Some highlights from Backstage & Beyond Volume 1:

  • Jerry Lee Lewis threatened to kill me. I don’t flatter myself to think I’m unique in this regard.

  • I am on the phone with David Bowie in the summer of 1990 when I pose a question you’d think he would expect, so I am a bit surprised when he pauses and says, “Hmm ...” before formulating a response. But then, when he does answer, it is quite a discourse.

  • Lou Reed and I got on pretty well. Once, we had a phone interview scheduled at the same time as a televised New York-New England football game. We were both watching the game (him in New York, me in Massachusetts) and Lou, a New York Jets fan, rang up and suggested we do the yak at half-time. I’d been thinking the same thing but would never have broached it. But we did. He called promptly when the first-half clock went to 0:00, and we concluded 20 minutes later when the game resumed.

  • Nico didn't do many interviews. I'd called before a concert and asked if we could meet after the show. Hesitatingly, she consented. When I went backstage, however, I met a closed dressing room door and word that Nico was doing an interview and didn't want to be disturbed.
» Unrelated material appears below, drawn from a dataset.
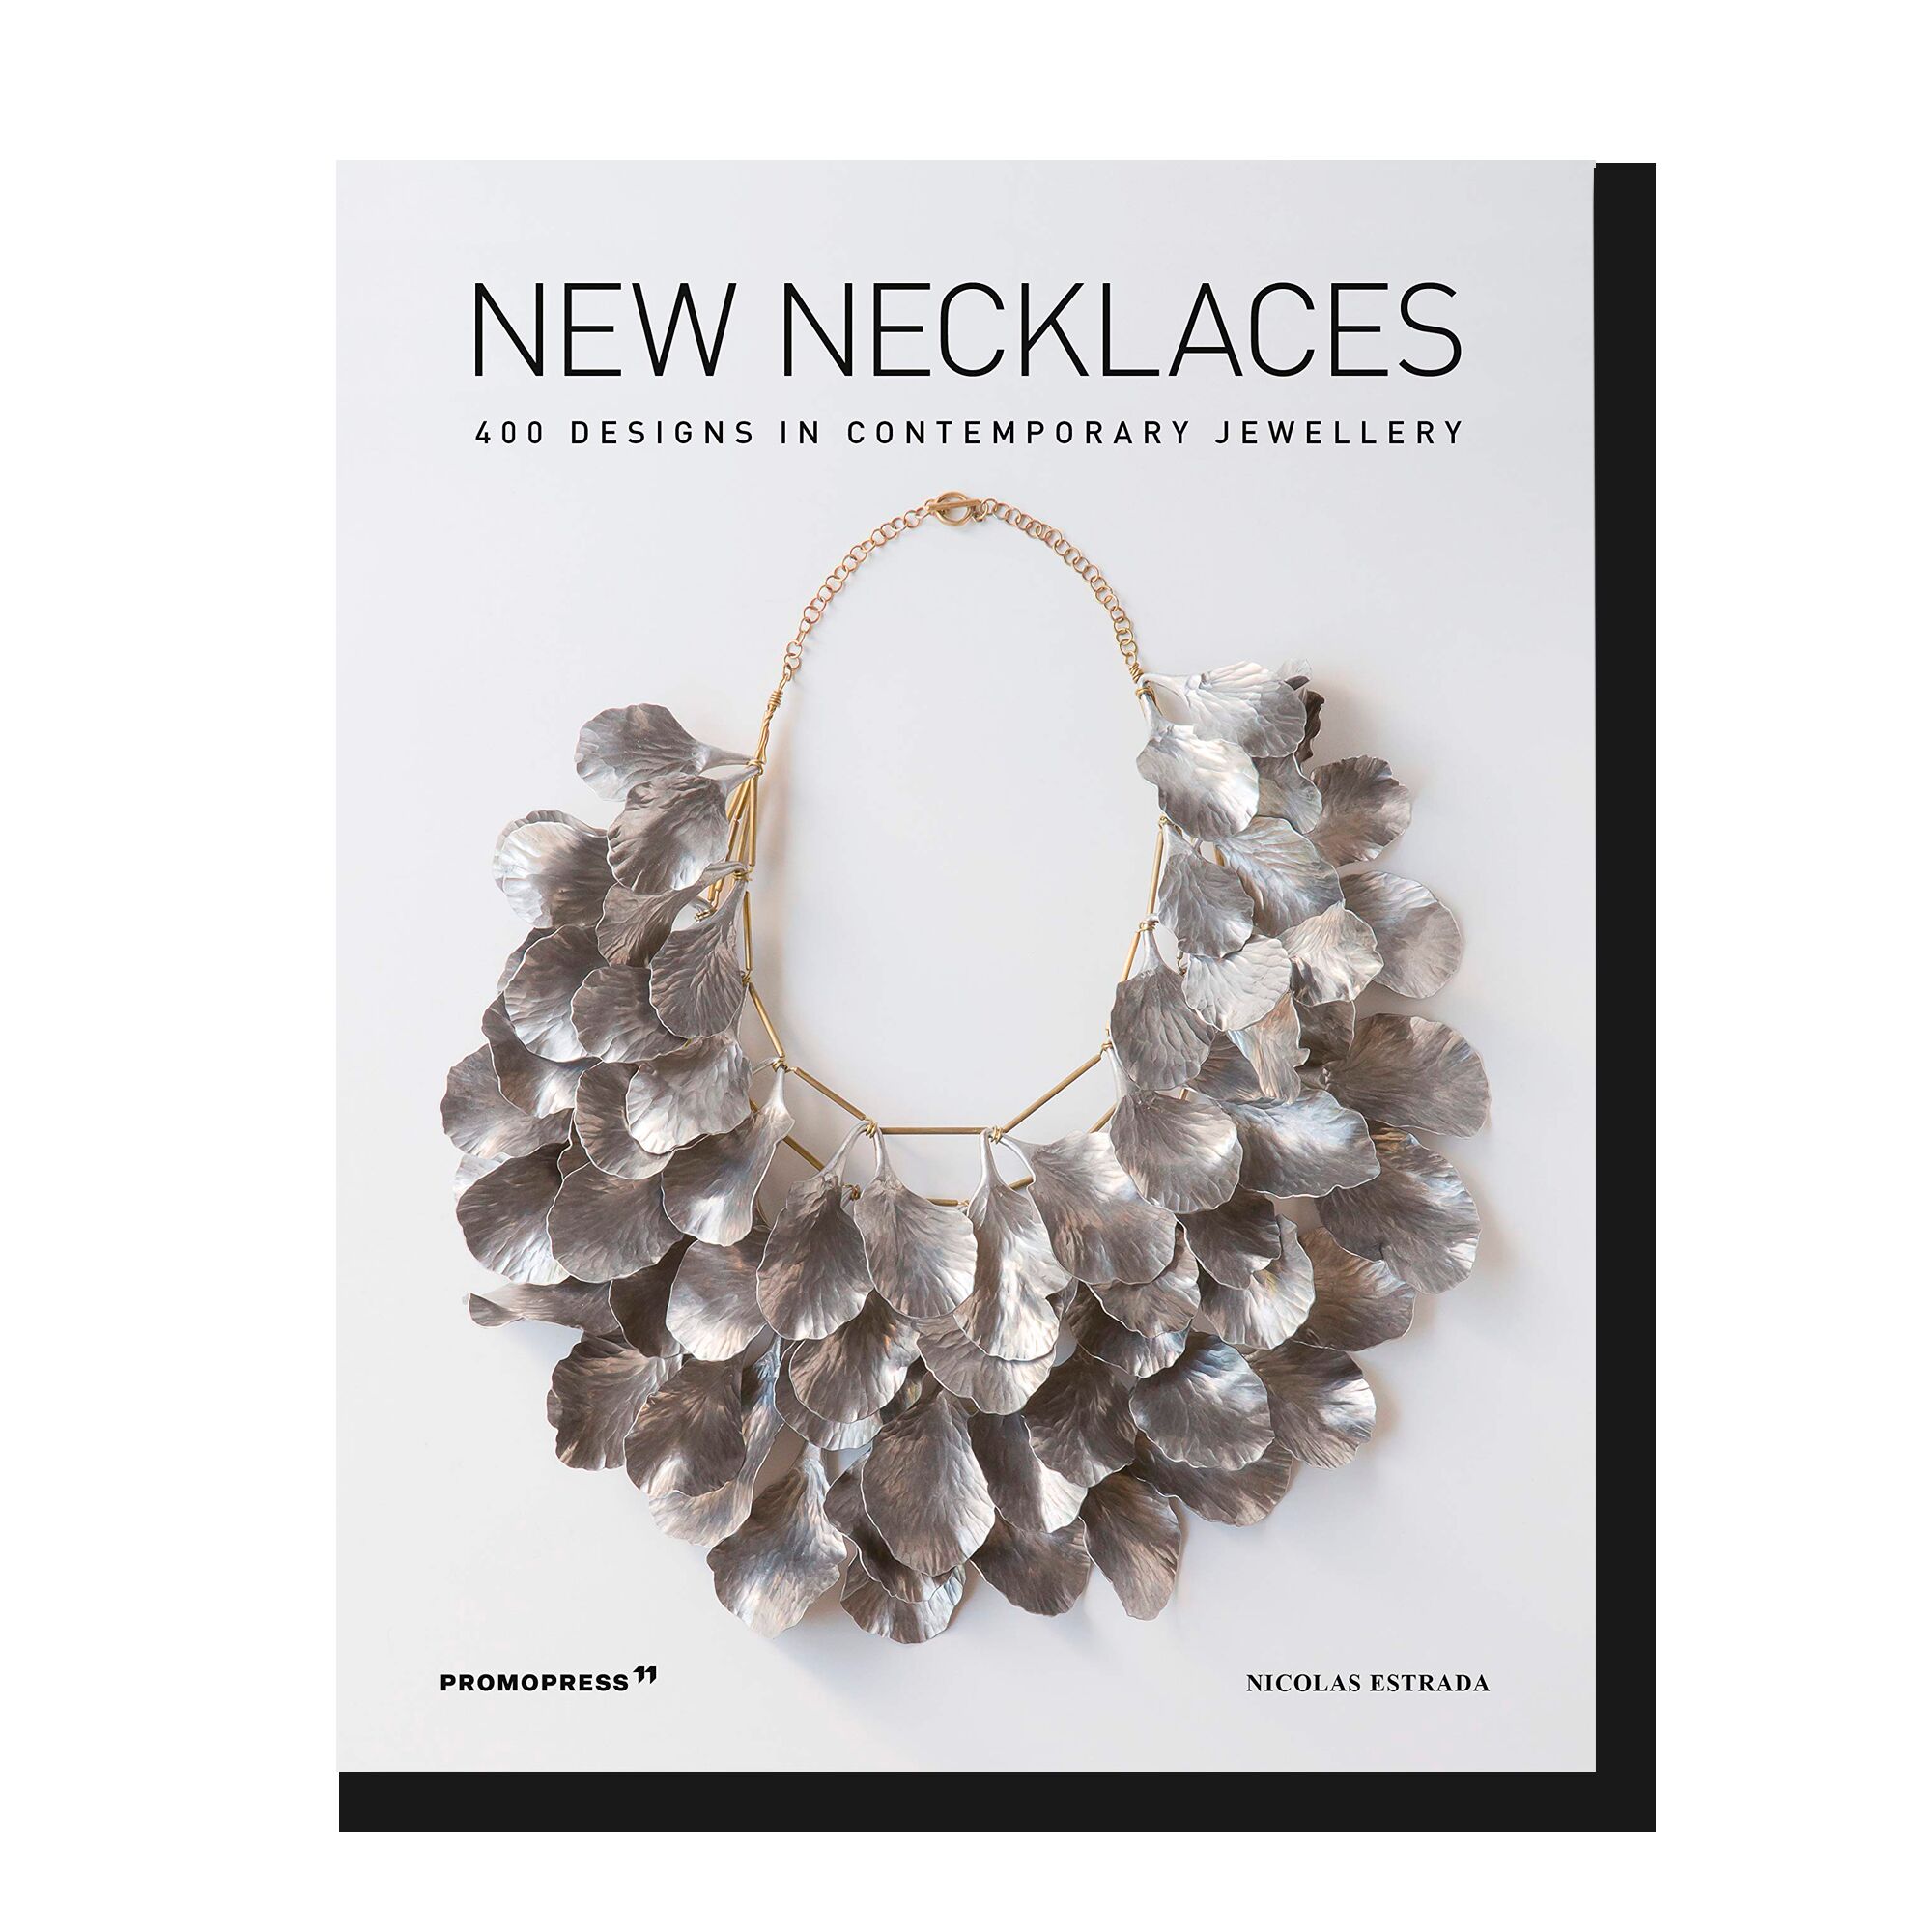 New Necklaces: 400 Designs in Contemporary Jewellery

When she emerged 20 minutes later, I introduced myself. An expression of alarm spread over her face. “You're Jim ... I thought ... he was!” she said, gesturing to her unknown interviewer. “Then who is he!?

  • In 1989, Warren Zevon and I had lunch at Musso & Frank, the hip Hollywood eatery where he was a regular. We ordered beverages, a beer for me, a Diet Coke for him. After a beat or two, semi-alarmed, I blurted out, “Oh shit, I’m sorry. Should I not have done that?” You know, maybe it’s not good form to have an alcoholic drink in front of a recovering alcoholic. Zevon paused for a few moments. Not unusual: he often took time to process before responding. It could be unnerving if you didn’t know him well. He fixed me with a squinty, wry look. “Yeah, Jim,” he growled. “A decade of sobriety out the window because you’re having a beer.”

  • “It's like death in here,” said Ray Davies, inauspiciously welcoming me into his Minneapolis hotel room. The shades were drawn, no lights were on. Davies had been ill, running a temperature of 102 before the previous night's concert at the Metropolitan Sports Center. The interview had been scheduled and rescheduled several times. “I'm really not trying to avoid you.”

  • Ginger Baker was contractually obligated to do X amount of press to promote an upcoming Boston gig. I was one of those Xs. We had a half-hour blocked out. A painful half-hour for both of us, though I think his pain was more like indifference with a soupçon of annoyance, while mine was a churning pit-of-the-stomach feeling of failure to communicate.

  • Leonard Cohen: “I hasten to say that the fact that I had to break my gonads over it doesn't mean that it's good. The fact that it takes so long is no guarantee of excellence. It just happens to be the way I work. I'm not smirking about it. I don't feel reproachful toward people who have the very good luck and great genius to do it faster. Hank Williams could do it in 20 minutes and so can Bob Dylan. It just happens to take me a long time.”

  • Between sets by Larry Wallis at Dingwalls in 1985, I was at a pinball machine when I was chatted up by a leather-clad, mutton-chopped fella with a couple of prominent moles. He wanted to play, too, but was skint (apparently) and barked, “You got 10 pence?” Of course I did, offering a pocketful of coins I couldn’t readily identify. I knew Lemmy from various encounters in Boston, but I’m sure he had no idea who I was specifically, me showing up at his local in London. So, I reintroduced myself and we hung out together, drinking, laughing, pinballing and watching Wallis tear it up. One of the great nights of my life.